Со своей стороны, и лейб-медик Блюментрост пишет царю о маленьком царевиче: «государь царевич, слава Богу, в добром обретается здравии и глазку его высочества есть полегче, тако ж и зубок на другой стороне внизу оказался. Изволить ныне далее пальчиками щупать: знатно, что и коренные хотят выходить».
Екатерина не дает Петру забыть о младшем сыне и царь ждет от него больше, чем дождался от первенца Алексея.
«Оный дорогой наш шишечка часто своего дражайшего папа упоминает и при помощи божией во свое состояние происходит и непрестанно веселится мунштированьем солдат и пушечной стрельбой»…
А этого-то и не любил несчастный старший брат его, царевич Алексей, за что и погиб.

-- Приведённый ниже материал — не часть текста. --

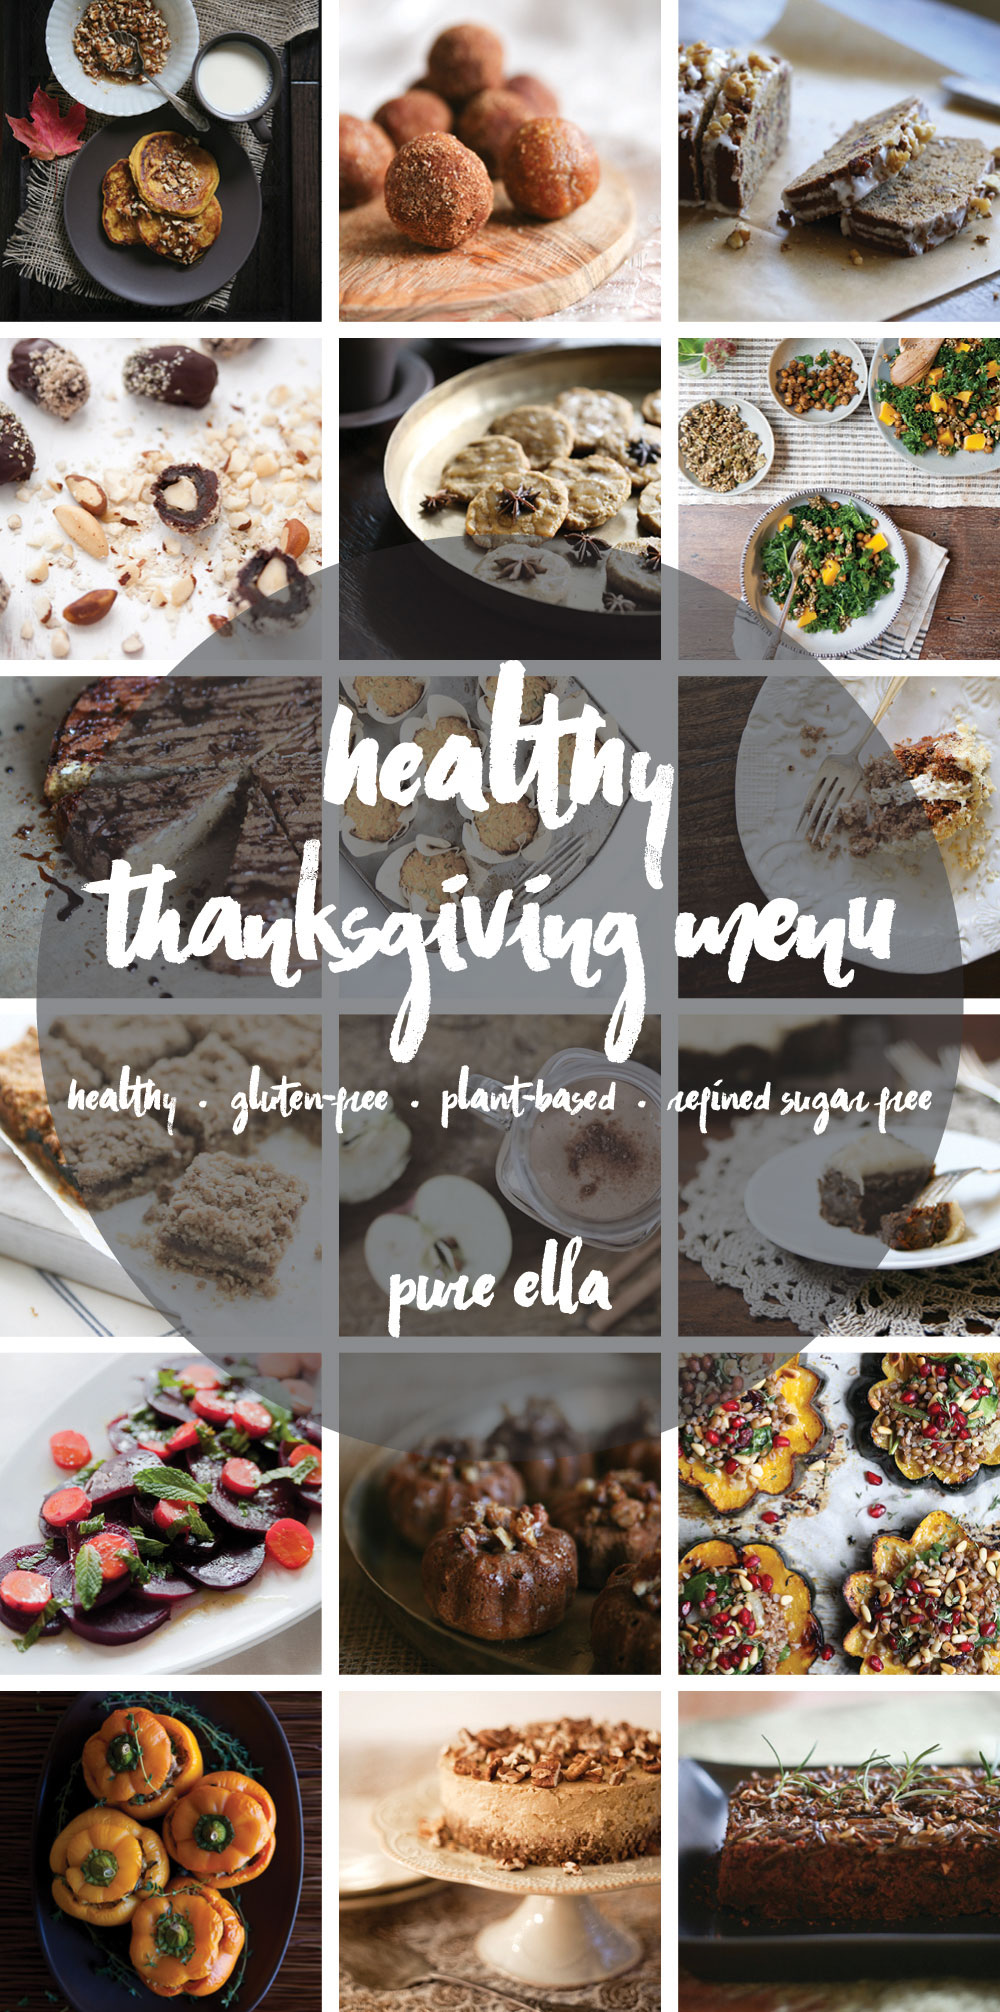 healthy-thanksgiving-menu-pure-ella-leche

Сказнив всех сторонников этого царевича, похоронив и его самого, царь топит свое глубокое горе – не мог же он не любить его! – в новых походах, в новой кипучей деятельности, которая и поддерживала и ломала его железную силу: он носится по мори, воюет вновь со шведами, и тоскует по семье, а все перемогается.
«Ты меня хотя и жалеешь, – пишет он Екатерине, – однакож не так, понеже с 800 верст отпустила, как жена Тоуба (начальника шведской эскадры), которая его со всем флотом так спрятала, что не только его видим, но мало и слышим, ибо в полуторе мили только от Стокгольма стоит за кастелем Ваксгольмом и всеми батареями». А в реляции объявляет о победах адмирала Апраксина – «адмирал наш едва не всю Швецию растлил своим великим сикорином» (копьем).

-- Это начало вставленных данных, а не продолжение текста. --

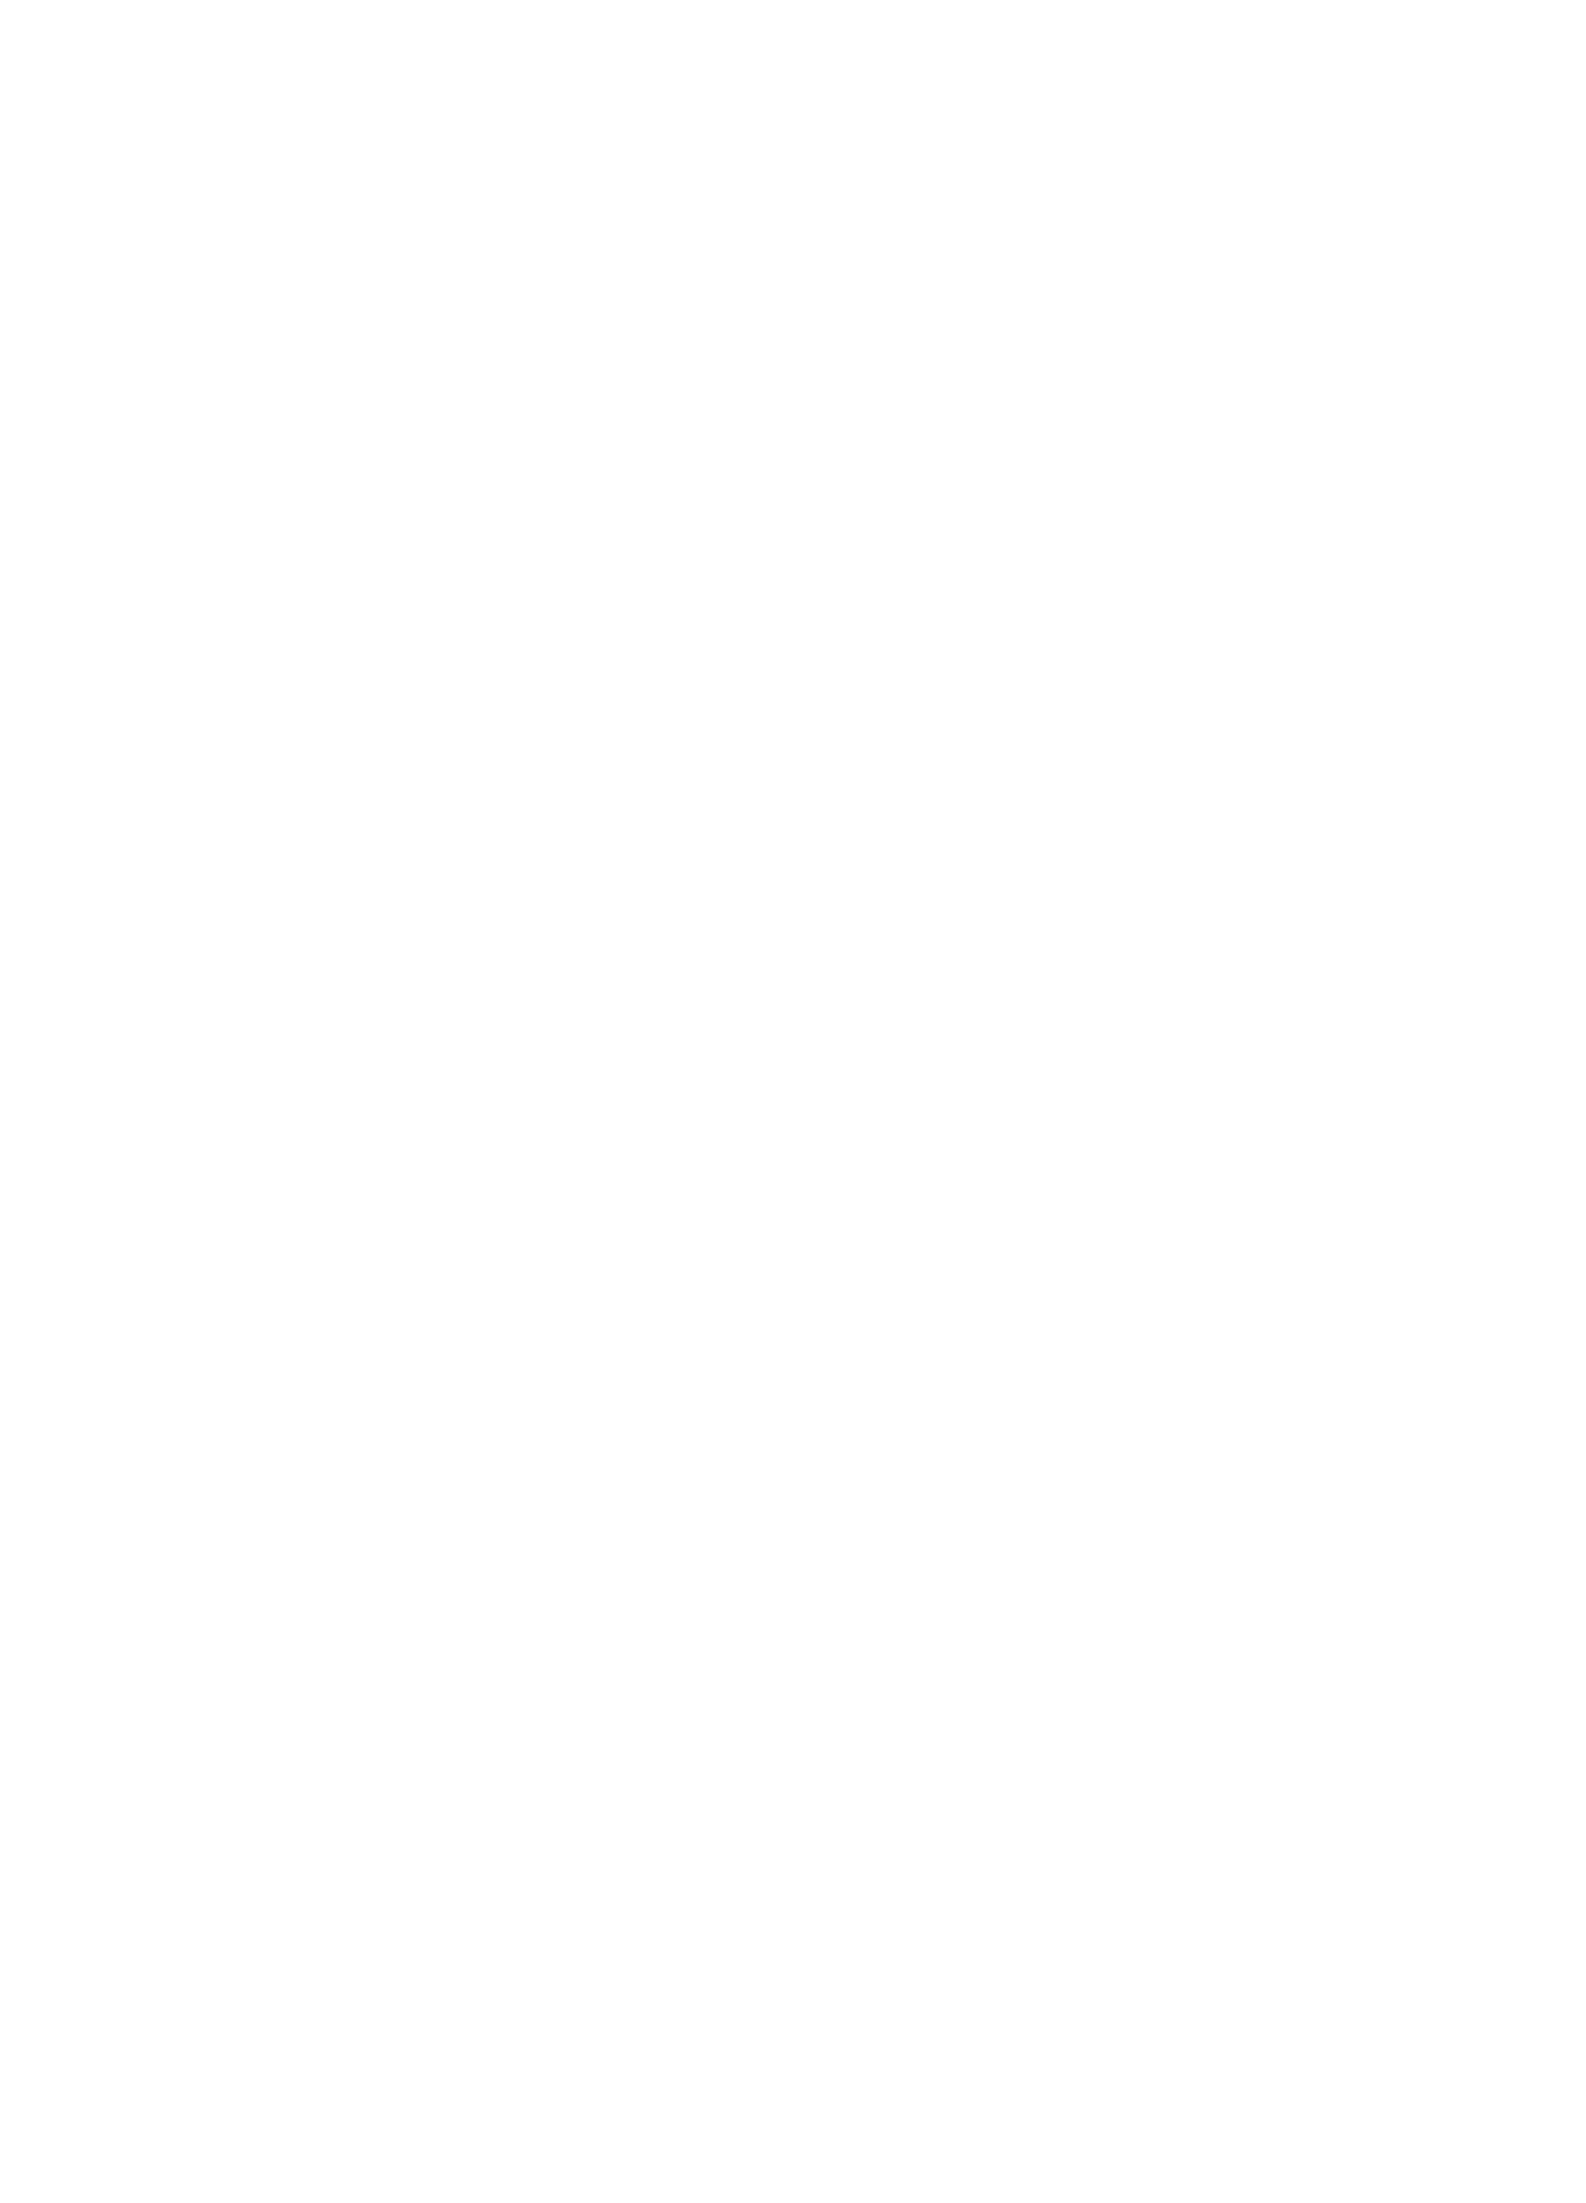 Franklin Road Baptist Church

«Всепокорно прошу вашу милость, – отвечает на это Екатерина, – дабы писаниями своими оставлять меня не изволили, понеже в нынешнее с вами разлучение есть не без скуки, и только то и радости, что ваши писания; ибо и в помянутом своем письме изволите жаловать, что я жалею вас спустя уже 800 верст. Это может быть правда! Таково-то мне от вас! Да и я имею от некоторых ведомости, будто королева швецкая желает с вами в любви быть: в том та не без сумнения. А кто му ж заподлинно признаваем, как и сами изволили написать о поступках господина адмирала, что он над всей Швецией учинил. Этак-ста господин адмирал под такие уже толь не малые лета да какое счастие получил, чего из молодых лет не было! Для-бога прошу вашу милость – одного его сюда не отпускать, а извольте с собой вместе привесть».
Но здоровье державного гиганта год-от-году становится хуже и хуже. Он почти постоянно на лекарствах.
А, между тем, железная воля его требует деятельности. Он, не удовольствовавшись войной со шведами, но и не расставаясь надолго с Катеринушкой, без которой постоянно скучал, идет в персидский поход.
Но и оттуда он возвращается больной…
«А подле больного Петра – еще блестящее, еще эффектнее наружность полной, высокой, далеко еще не недужной Екатерины, – говорит цитированный нами выше знаток петровского времени. – Благодаря современным живописным портретам с 1716 по 1724 год, она как живая подымается в нашем воображении. Вот она – то в дорогом серебряной материи платье, в атласном, в оранжевом, то в красном великолепнейшем костюме, в том самом, в котором встречала она день торжества ништадтского мира; роскошная черная коса убрана со вкусом; на алых полных губах играет приятная улыбка; черные глаза блестят огнем, горят страстью; нос слегка приподнятый, выпуклые тонкорозового цвета ноздри, высоко поднятия брови, полные щеки, горящие румянцем, полный подбородок, нежная белизна шеи, плеч, высоко поднятой груди, – все вместе, если это было так в действительности, как изображено на портретах, делало из Екатерины еще в 1720-х годах женщину блестящей наружности.
«Печалуясь» в цидулках к мужу на постоянную почти с ним разлуку, Екатерина, как мы видели, выражала эту печаль в форме шутки, среди разных прибауток и балагурств: дело в том, что, по характеру своему, она не была способна всецело отдаться одному человеку, тосковать, терзаться, серьезно ревновать его; притом и набегавшая тоска рассеивалась интимным другом, Виллимом Монсом, с его фамилией.